Guide to Advancement 2015
BSA Mission Statement
The mission of the Boy Scouts of America is to prepare young people to make ethical and moral choices over their lifetimes by instilling in them the values of the Scout Oath and Scout Law.
The Aims of Scouting
Every Scouting activity moves boys toward three basic aims: character development, citizenship training, and mental and physical fitness.
Advancement is one of the eight methods used by Scout leaders to help boys fulfill the aims of the BSA.
Policy on Unauthorized Changes to Advancement Program
No council, committee, district, unit, or individual has the authority to add to, or subtract from, advancement requirements. There are limited exceptions relating only to youth members with special needs. For details see section 10, “Advancement for Members With Special Needs.”
Mandated Procedures and Recommended Practices
This publication clearly identifies mandated procedures with words such as “must” and “shall.” Where such language is used, no council, committee, district, unit, or individual has the authority to deviate from the procedures covered, without the written permission of the National Advancement Committee.
Recommended best practices are offered using words like “should,” while other options and guidelines are indicated with terms such as “may” or “can.” Refer questions on these to your local district or council advancement chairs or staff advisors. They, in turn, may request interpretations and assistance from the National Advancement Committee.

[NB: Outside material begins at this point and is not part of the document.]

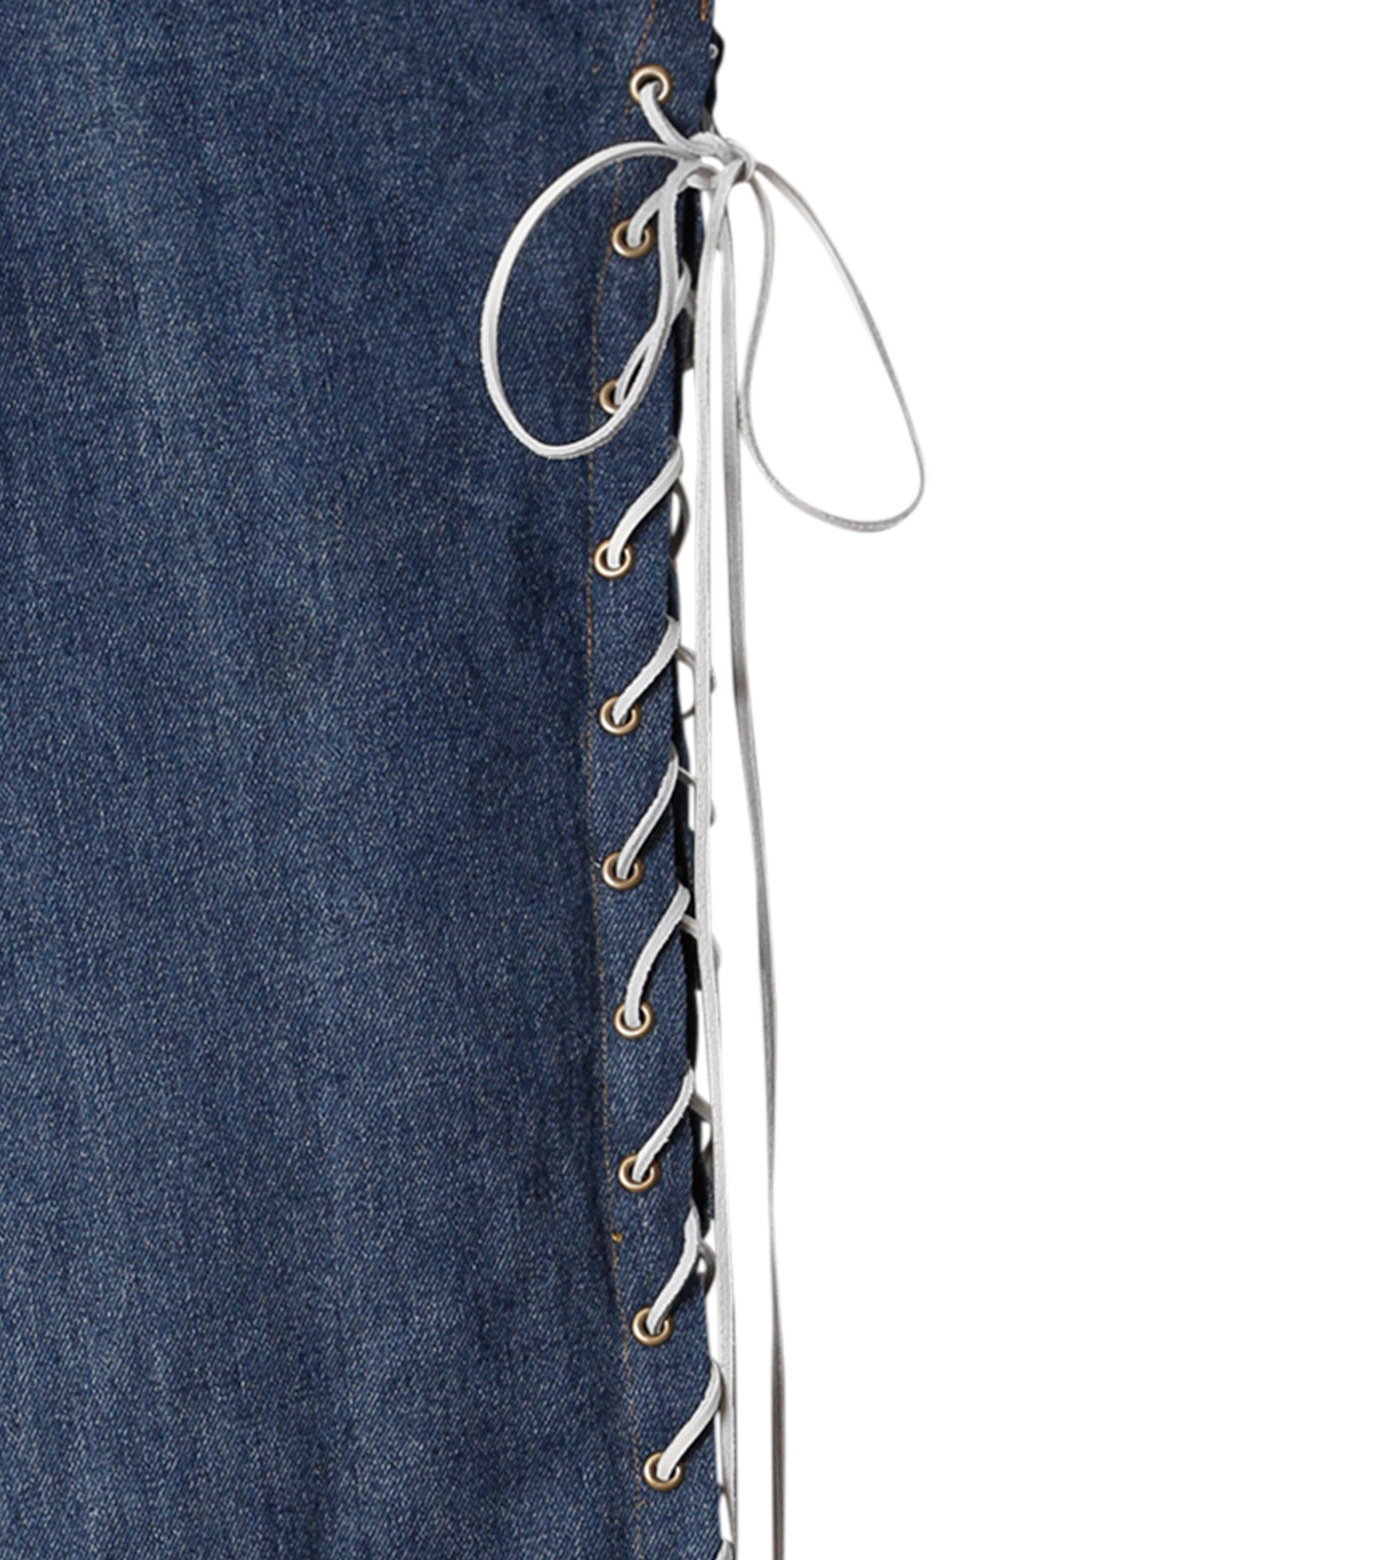 77circa(77サーカ)のCut Back Lace Up Denim Pants-INDIGO(デニム/denim)-CC16AW-46-94 拡大詳細画像3

The Guide to Safe Scouting Applies
Policies and procedures outlined in the Guide to Safe Scouting apply to all BSA activities, including those related to advancement and Eagle Scout service projects.
What Does "Unit Leader" Mean?
Throughout this publication the term “unit leader” refers only to a Cubmaster, Scoutmaster, Varsity team Coach, Venturing crew Advisor, or Sea Scout Skipper. “Unit leadership” is used as a generic reference to any adult leader in a unit and as such would include the unit leader.